The Irish National Heritage Park is located on the outskirts of Wexford Town, and displays 9000 years of Irish History over 40 acres of natural woodland.
Throughout the park there are 16 reconstructed historic sites, each with information displays. They are spread out over an easy to reach distance but far enough for easy social distancing.
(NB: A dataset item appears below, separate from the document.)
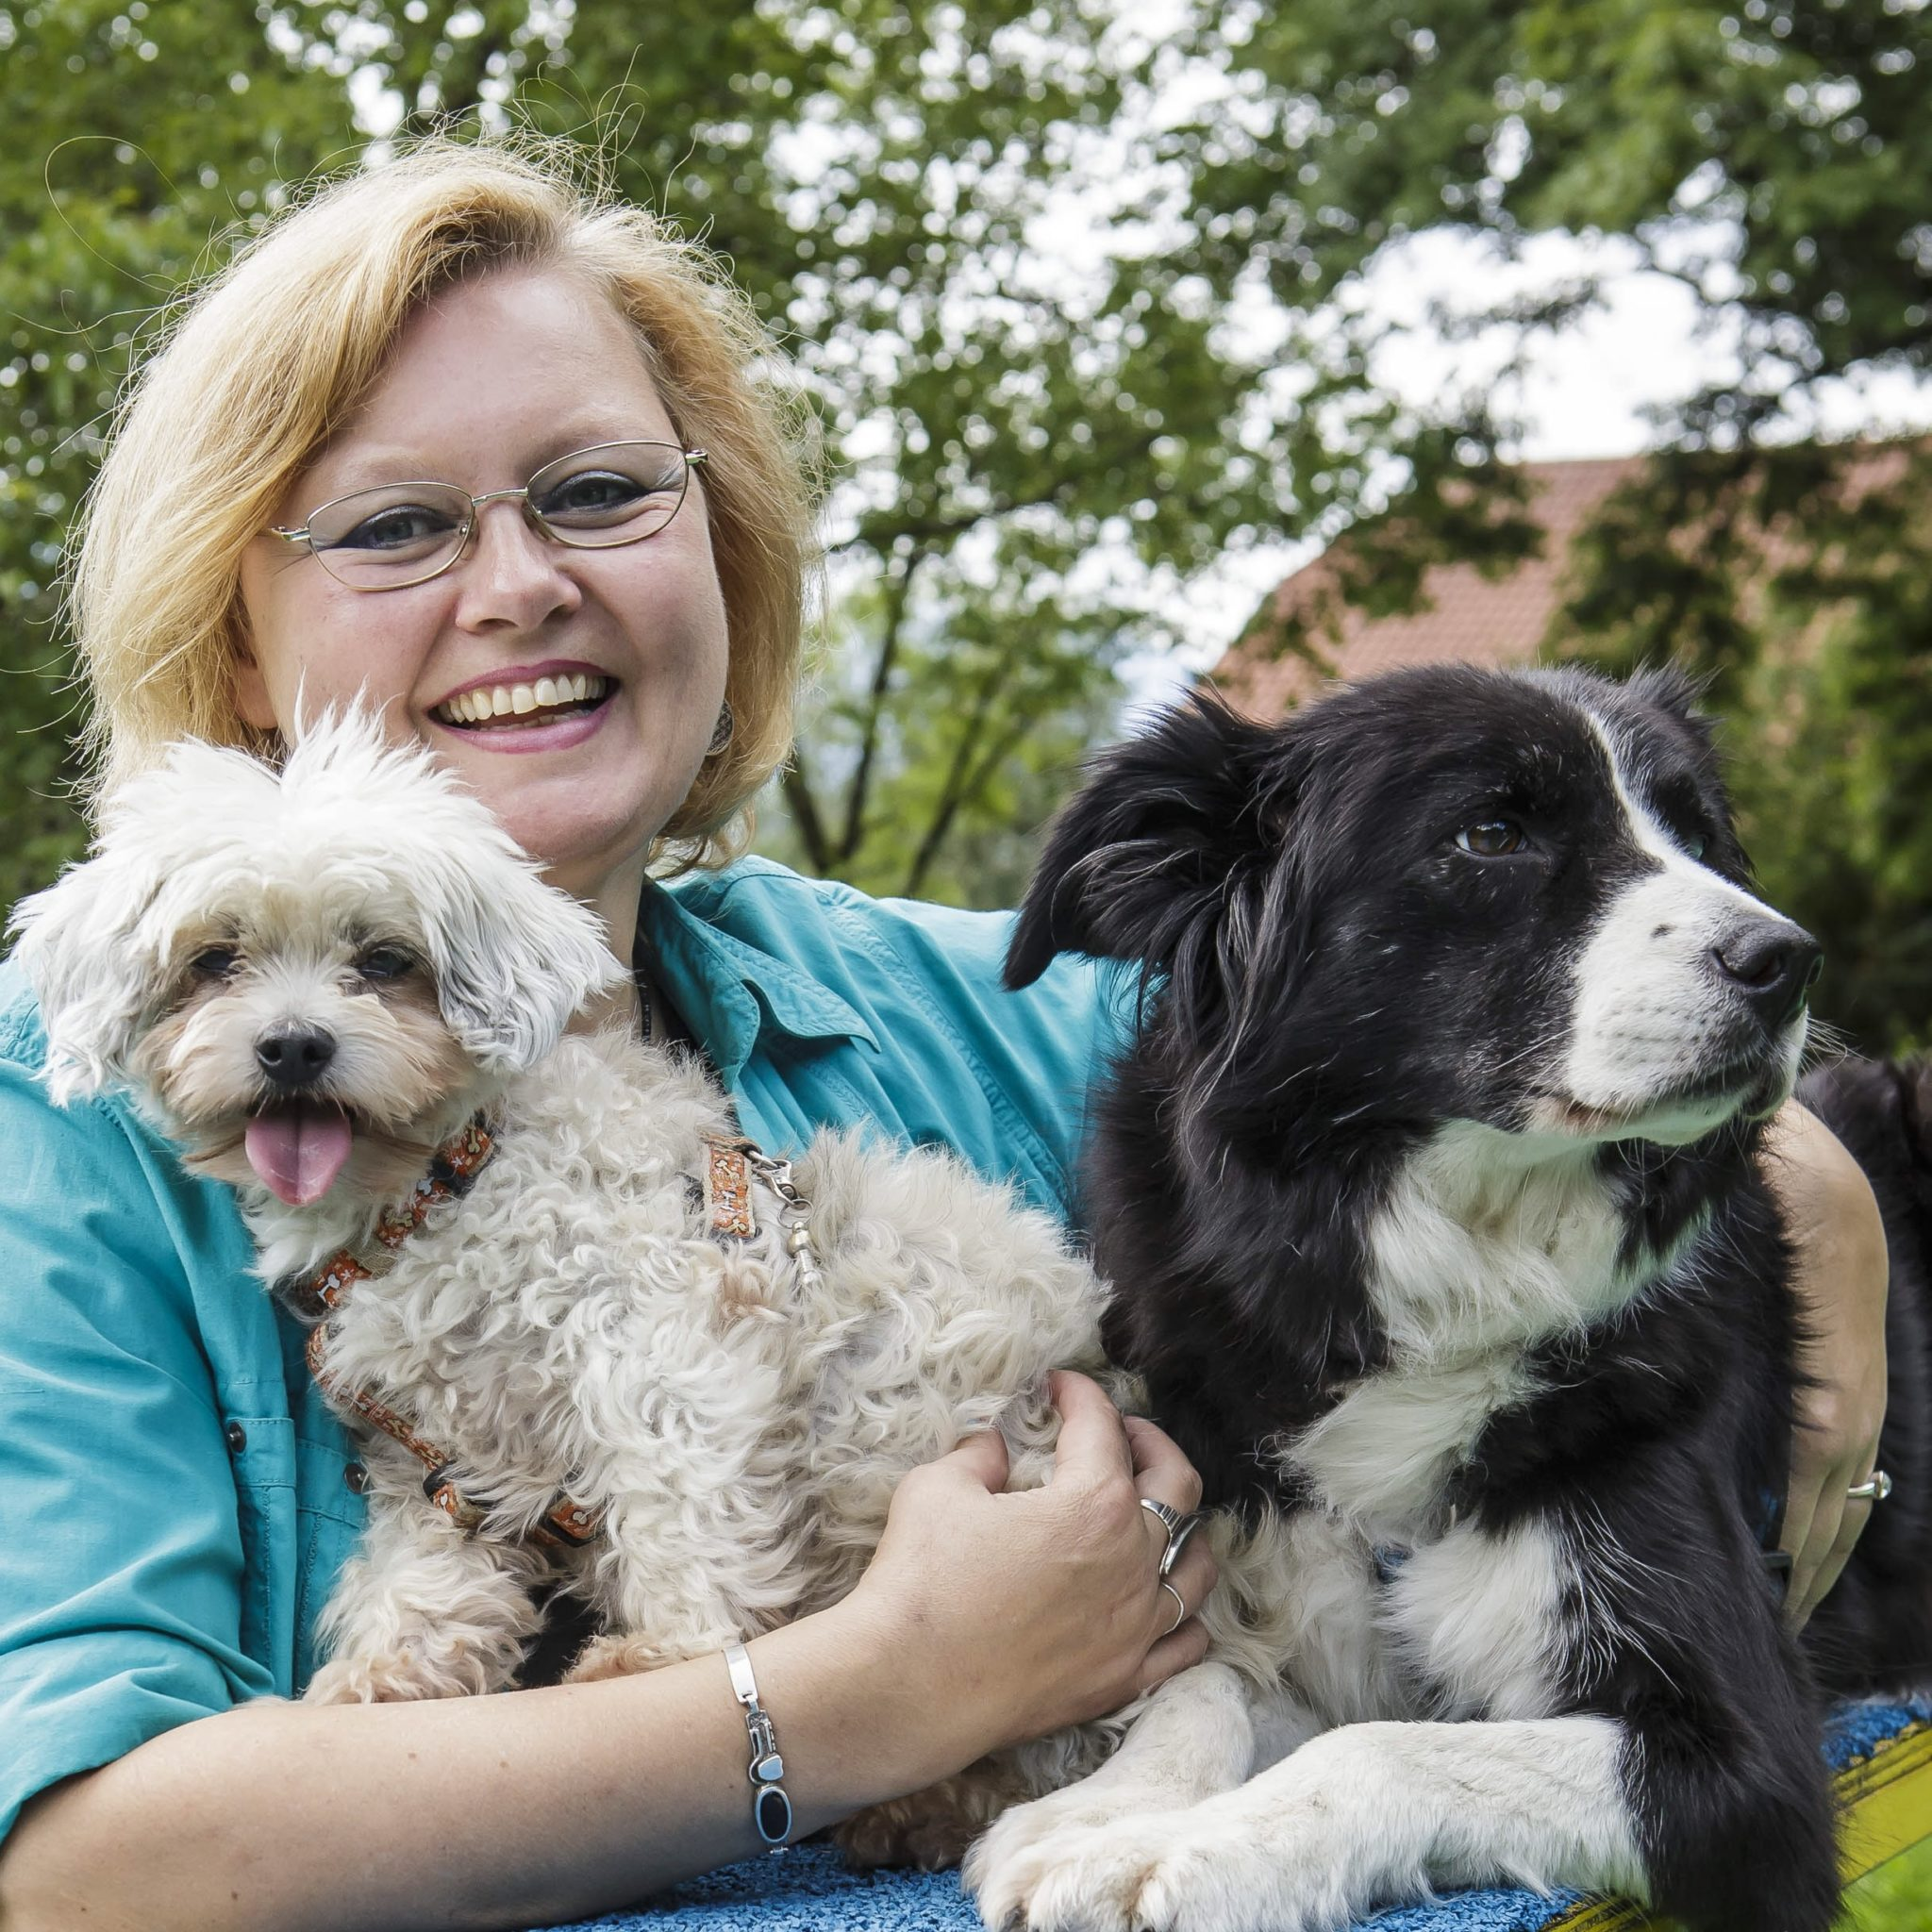 Karin Immler mit Hunden c) Andreas Kolarik Fotografie

During your visit, you can expect to learn more from the following displays:
- The First People of Ireland 7000BC: The temporary nature of their settlements, and their sustenance off the land hunting and gathering
- The First Farmers of Ireland 4000BC: Creating more permanent settlements, they focused on keeping their own livestock and crops
- Stone Age Monuments 3500BC: Also known as Megalithic Tombs, they were not just used for burials but also many other functions, such as tracking the movement of the sun
- Stone Circles 1500BC: Often associated with burials, the stone circles were possibly used to track the sun, moon and stars movement across the sky and could have been connected to sky worship
- Ogham Stone 300AD: By this time in Ireland, the Celts were living in Ireland, and had formed a language for commemorating the dead, or for magical inscriptions, which was inscribed onto stone monuments
- Ringforts 700AD: Ringforts were constructed in a circular shape were walls protected those of the highest rank: Kings, lords, wealthy farmers, poets, judges and those of a similar social rank; outside the ringfort the ordinary citizens and slaves would live
- Christian Monasteries 900AD: Monasteries functioned as centres for learning, art and political power, where a church, gravestones, shrines, eating quarters and living quarters would be found
- Kilns 600AD: Various types of grain were grown (wheat, oats, barley, rye) and were contained in a kiln which was a circular drying chamber with a hot, slow burning fire to dry the grain and allow for the baking of bread, even the brewing of beer
- Horizontal Water Mill 600AD: Mills were some of the first automatic machines, to automate the manual grinding of grains; wealthy citizens or noblemen would own their own mills, but at the time it would primarily shared between less well-off famers
- Fire Pits 1800BC – 800BC: The water was boiled by dropping water on fire-heated stones, where it was used for cooking and most likely saunas, washing, drying clothes or possibly making beer
- Artificial Island 800AD: Artificial islands were created for a number of different reasons, but primary for safety or simply being separated physically from the mainland (safety from enemies or wild animals, creation of a noble residence, a quiet place for metal working, somewhere to hold prisoners)
- Viking Settlements 1000AD: The Vikings who arrived in Ireland stayed and created settlements which became the first towns in Ireland, arriving from Scandinavia
- Norman Castle 1200AD: The Normans who arrived built strong castles constructed of stone and wood, painting them white to make them look more imposing. The Norman Castle site at the park includes a falconry.
- Original Normal Ditch 1169/70AD: The first Norman Fortification can be seen on this side, where the castle was erected after the capture of Wexford town.
- Round Tower 1857AD: Monasteries would often build Round Towers to function as bell towers, places to keep their treasures, and places of refuge during attack
Planning your trip
When booking your ticket during the Pandemic, be sure to book online to reserve your timeslot https://irishheritage.clr.events/event/129812:admission-tickets
The tour took me about 2.5 hours to go at my own pace. There are lots of benches to rest on in the park, with a restaurant available with refreshments and light meals. There is also a visitors centre available at the park for you to buy a memento.